Advantages offered by a node

For operational purposes, an entity might want to have control over its own Tezos nodes. Such control helps to avoid dependency on a third party that could be failing. Firstly, this means independence from a unique node that could be prone to failure, and in addition, it helps to increase the chain resiliency and decentralization by contributing to the peer-to-peer network. The larger is the number of nodes, the more decentralized and robust a blockchain tends to be.
Owning a node means that one can manage his own transactions and ensure that they are broadcast to the entire network.
Becoming a baker on the Tezos blockchain usually involves controlling a node, while providing certain benefits. Indeed, any baker in the network receives rewards in return for his work of validating blocks and securing the network. In particular, a baker can include its own transactions without paying any fees. Added to this, there is the attribution of voting rights relative to the amendments proposed by the chain participants.

Possible node attacks

A blockchain node can suffer from different types of attacks inherent to all software that are based on a peer-to-peer network. It is usually recommended for a node to secure its communication channels and to store its private keys (if it has any) in a cold wallet ².
Denial of service:
The denial of service attack (or DoS) is a computer attack that makes a service unavailable. In the case of a Tezos node, this would mean attacking a particular node by sending it very resource-intensive requests. It can make the attacked node unavailable because of a lack of resources required to respond to the said request.
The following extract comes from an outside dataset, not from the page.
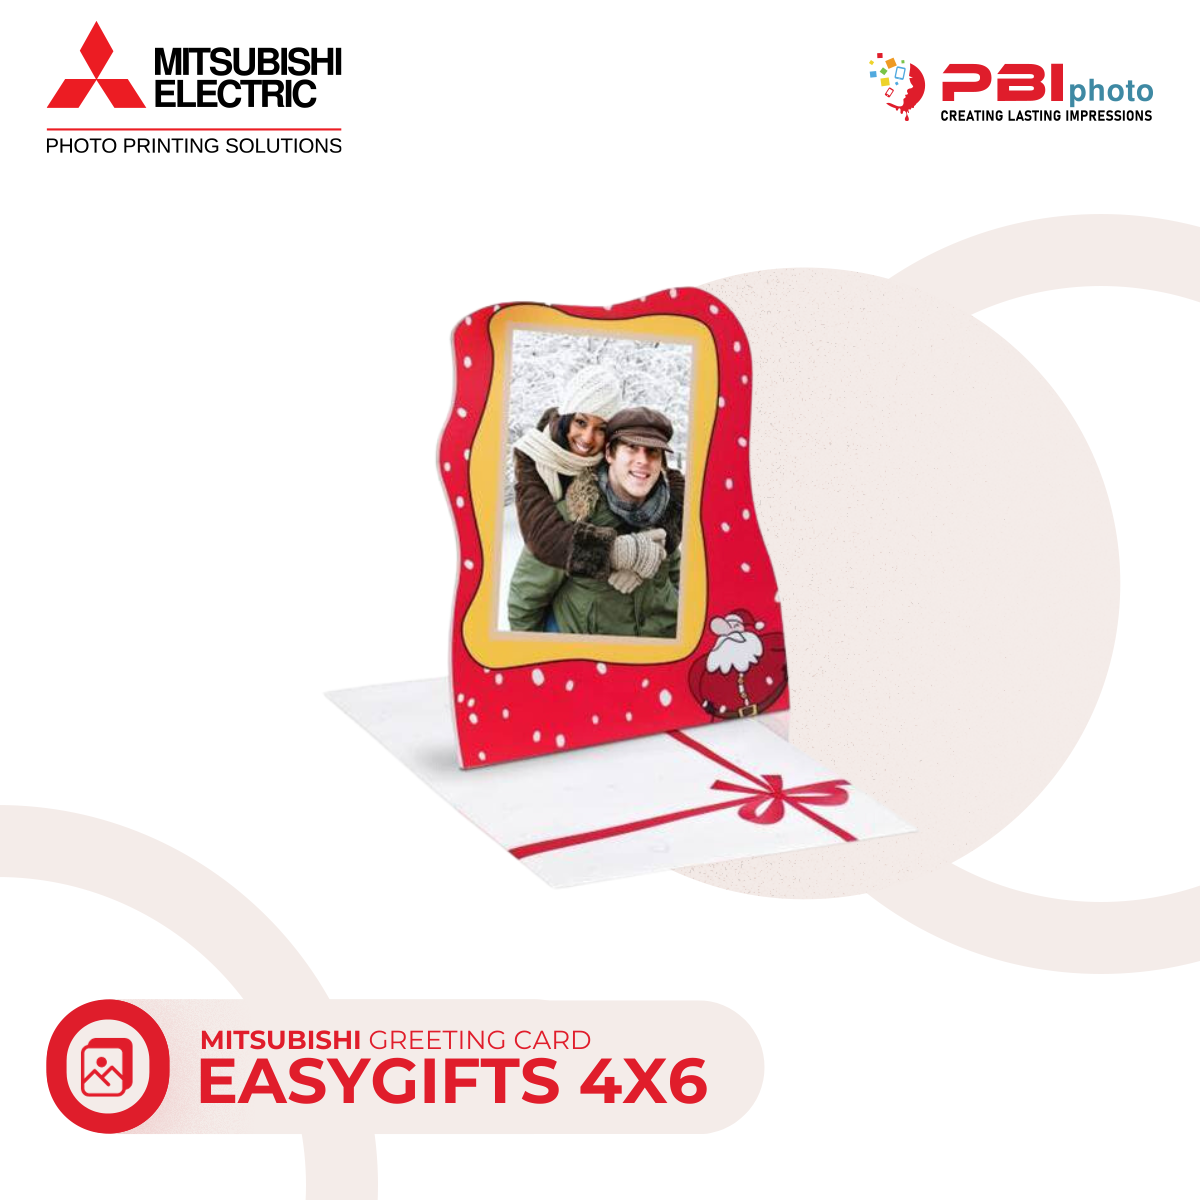 PHOTO BOX EASYGIFTS 4X6 – PBI Photo

The node must therefore make sure to limit access to these types of requests. As this is a very classical attack on the Internet, the usual preventions can apply to a node infrastructure.
Sybil attack:
This is an attack that consists in creating a large number of identities on the peer-to-peer network with the aim of isolating one or more nodes from the rest of the network and feeding them with wrong information. In Tezos, this attack consists in generating a large number of nodes, in order to isolate one or more targeted nodes to which the attacker would communicate compromised information (erroneous blocks for example).
To prevent this kind of attack, the Tezos node algorithm allows changing peers regularly and automatically, in order to make sure that the attacker cannot maintain a long enough grip for the chain to be affected.
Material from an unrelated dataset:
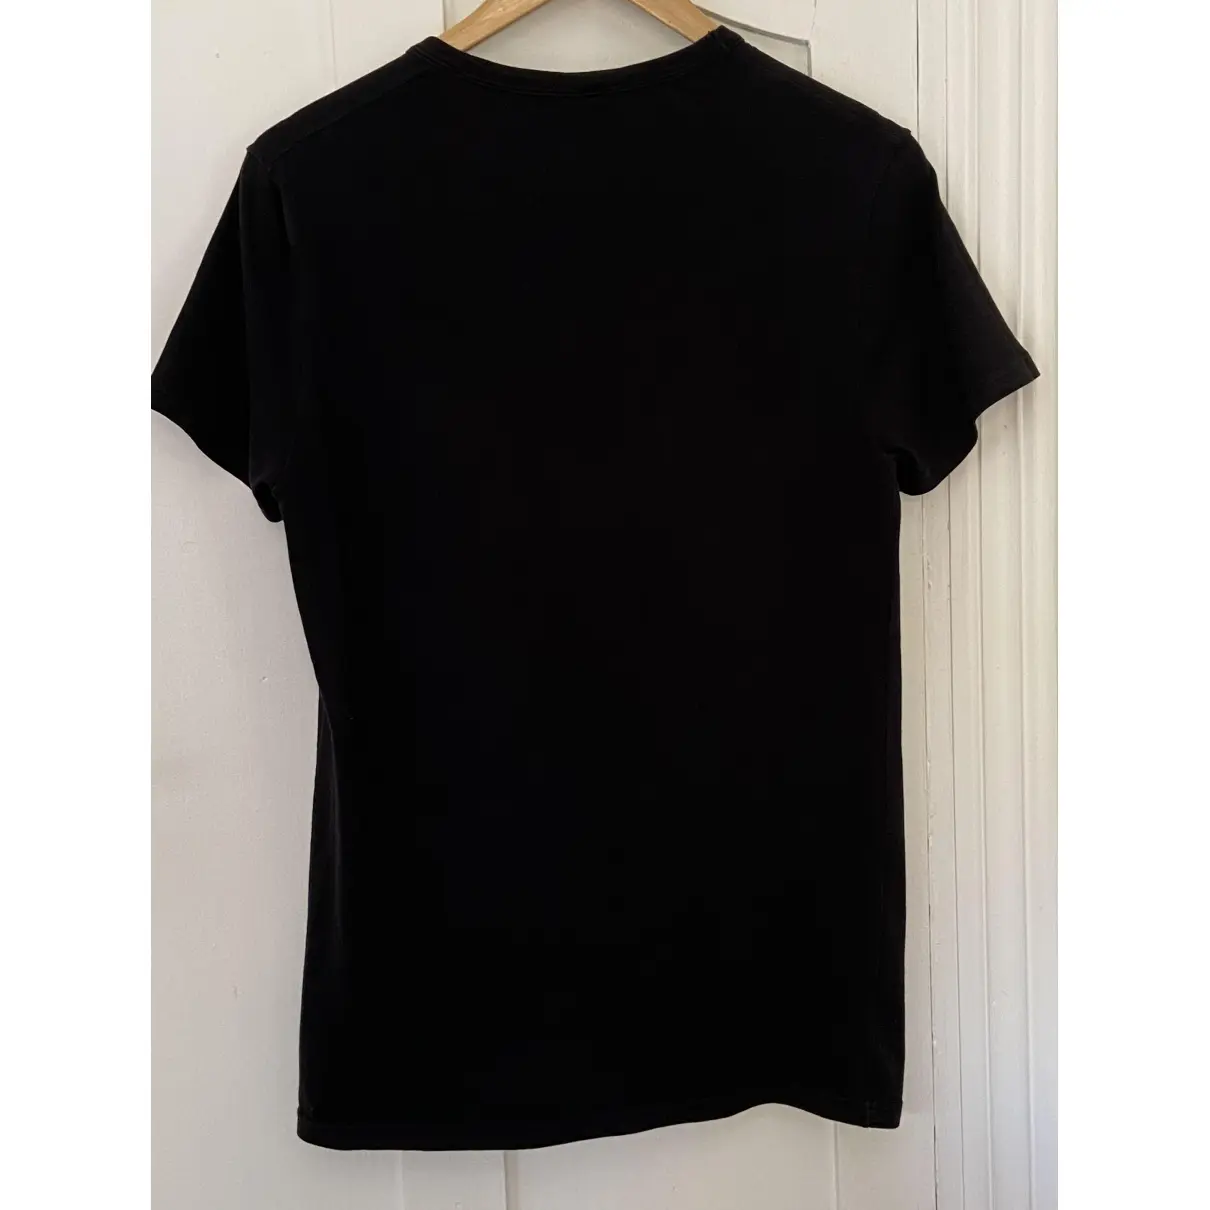 Buy John Galliano Black Cotton T-shirt online

In addition, creating a node identity costs a certain amount of computing time³. Therefore, generating a node takes a few seconds, but generating enough nodes to split the network would take a long time, even with a powerful machine.
Finally, if attacks are observed on the network, it would be possible to increase the level of work required by peers and regenerate all identities to prevent the attack and to contain it completely if all peers do so. [2]: Key storage technic which uses a hardware material not connected to the internet (examples: Ledger and Trezor products).
[3]: To create an address, it must be given a certain level of ”work” ranging from 0 to 255. This level corresponds to the number of zeros in front of the hash of its identity. When creating an identity, the program generates different versions until it finds one with a sufficient level. One can then choose to refuse to connect to peers whose identity is lower than a certain value. By default, this value is set to 26.